You know that moment when you’re reading a book and spot a place you’ve been or a landmark you know well, and give a little cheer? Well, every site in this book was familiar to me from our daily lives and countryside wanderings – what a treat! As I was reading, I kept thinking how lucky we are to have such an accomplished nature writer to commemorate the uniqueness of this area. Even though I was born thousands of miles away and have moved more than a dozen times since I settled in England in 2007, I feel the same sense of belonging that Nicola attests to. She explicitly addresses this question of where we ‘come from’ versus where we fit in, and concludes that nature is always the key. There is no exclusion here. “Anyone could make a place their home by engaging with its nature.”
*I normally refer to the author by surname in a book review, but I’m friendly with Nicola from Twitter and have met her several times (and she’s one of the loveliest people you’ll ever meet), so somehow can’t bring myself to be that detached!
On Gallows Down was released by Chelsea Green Publishing on October 7th. My thanks to the author and publisher for arranging a proof copy for review.
My husband and I attended the book launch event for On Gallows Down in Hungerford on Saturday evening. Nicola was introduced by Hungerford Bookshop owner Emma Milne-White and interviewed by Claire Fuller, whose Women’s Prize-shortlisted novel Unsettled Ground is set in a fictional version of the village where Nicola lives.
Nicola dated the book’s genesis to the moment when, 25 years ago, she queued up to talk to a TV news reporter about Newbury Bypass and froze. She went home and cried, and realized she’d have to write her feelings down instead. Words generally come to her at the time of a sighting, as she thinks about how she would tell someone how amazing it was.
Her memories are tied up with seasons and language, especially poetry, she said, and she has recently tried her hand at poetry herself. Asked about her favourite season, she chose two, the in-between seasons – spring for its abundance and autumn for its nostalgia and distinctive smells like tar spot fungus on sycamore leaves and ivy flowers.
A bonus related read:
Anarchipelago by Jay Griffiths (2007)
This limited edition 57-page pamphlet from Glastonbury-based Wooden Books caught my eye from the library’s backroom rolling stacks. Griffiths wrote her impish story of Newbury Bypass resistance in response to her time among the protesters’ encampments and treehouses. Young Roddy finds a purpose for his rebellious attitude wider than his “McTypical McSuburb” by joining other oddballs in solidarity against aggressive policemen and detectives.

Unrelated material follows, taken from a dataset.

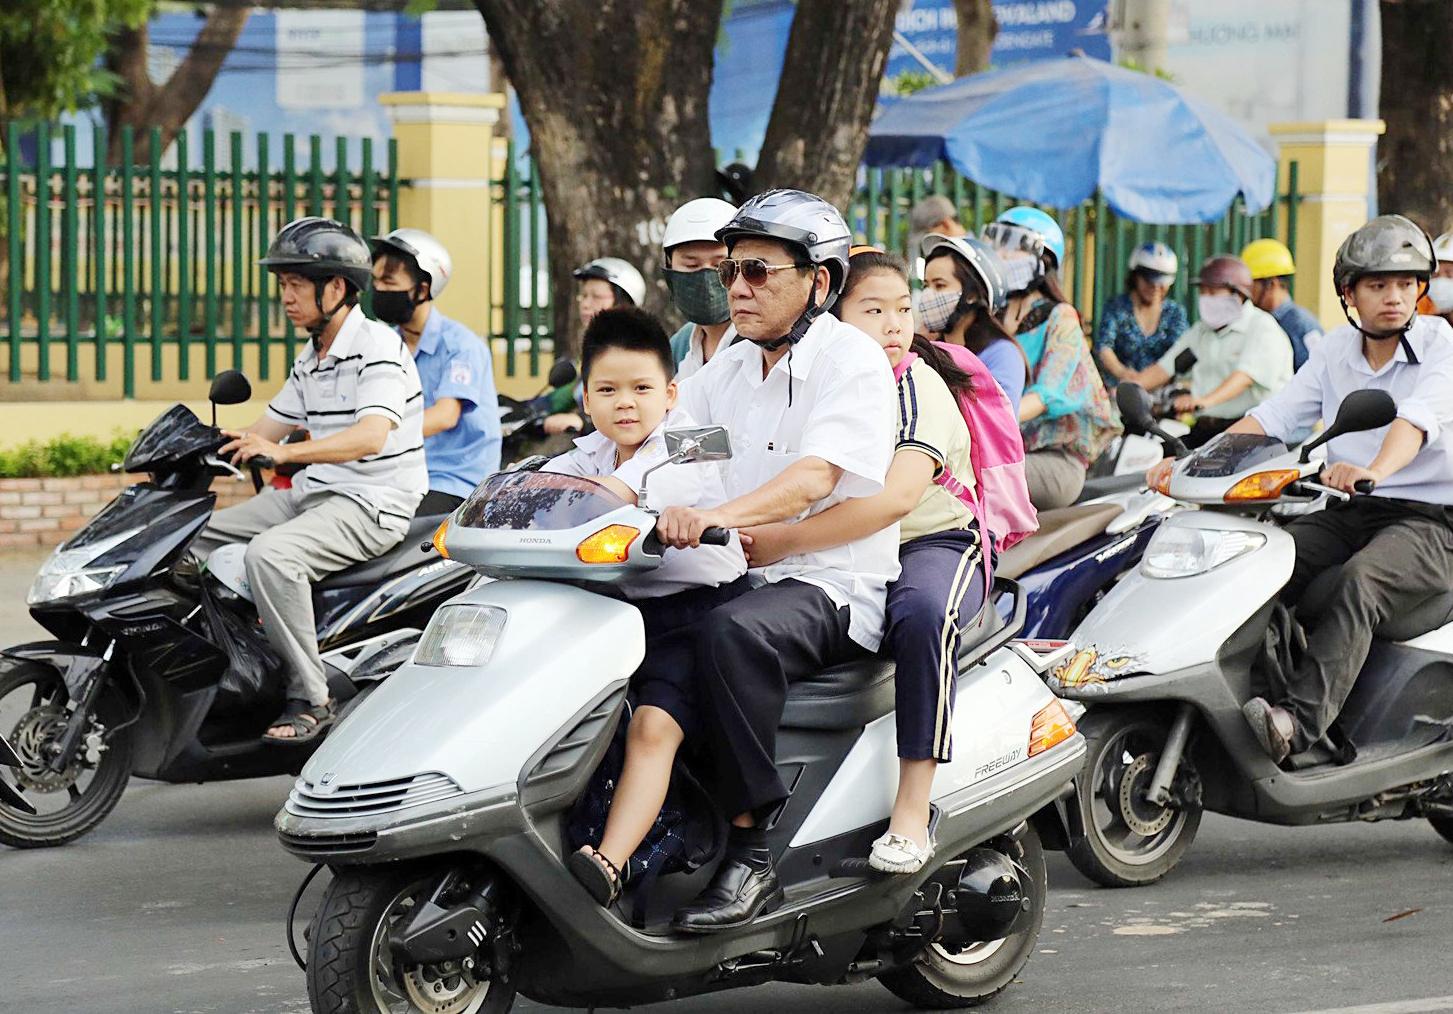 Xe máy là phương tiện giao thông hàng đầu ở Việt Nam. Và một trong những nguyên nhân chính của tai nạn giao thông là do không đội mũ bảo hiểm. Hãy bảo vệ mạng sống của mình và trẻ em bằng cách đội mũ bảo hiểm khi tham gia giao thông.

There are echoes of Ali Smith in the wordplay and rendering of accents.
“When I think of the road, I think of more and more monoculture of more and more suburbia. What I do, I do in defiance of the Louis Queasy Chintzy, the sickly stale air of suburban car culture. I want the fresh air of nature, the lifefull wind of the French revolution.”
In a nice spot of Book Serendipity, both this and On Gallows Down recount the moment when nature ‘fought back’ as a tree fell on a police cherry-picker. Plus Roddy is kin to the tree-sitting protesters in The Overstory by Richard Powers as well as another big novel I’m reading now, Damnation Spring by Ash Davidson.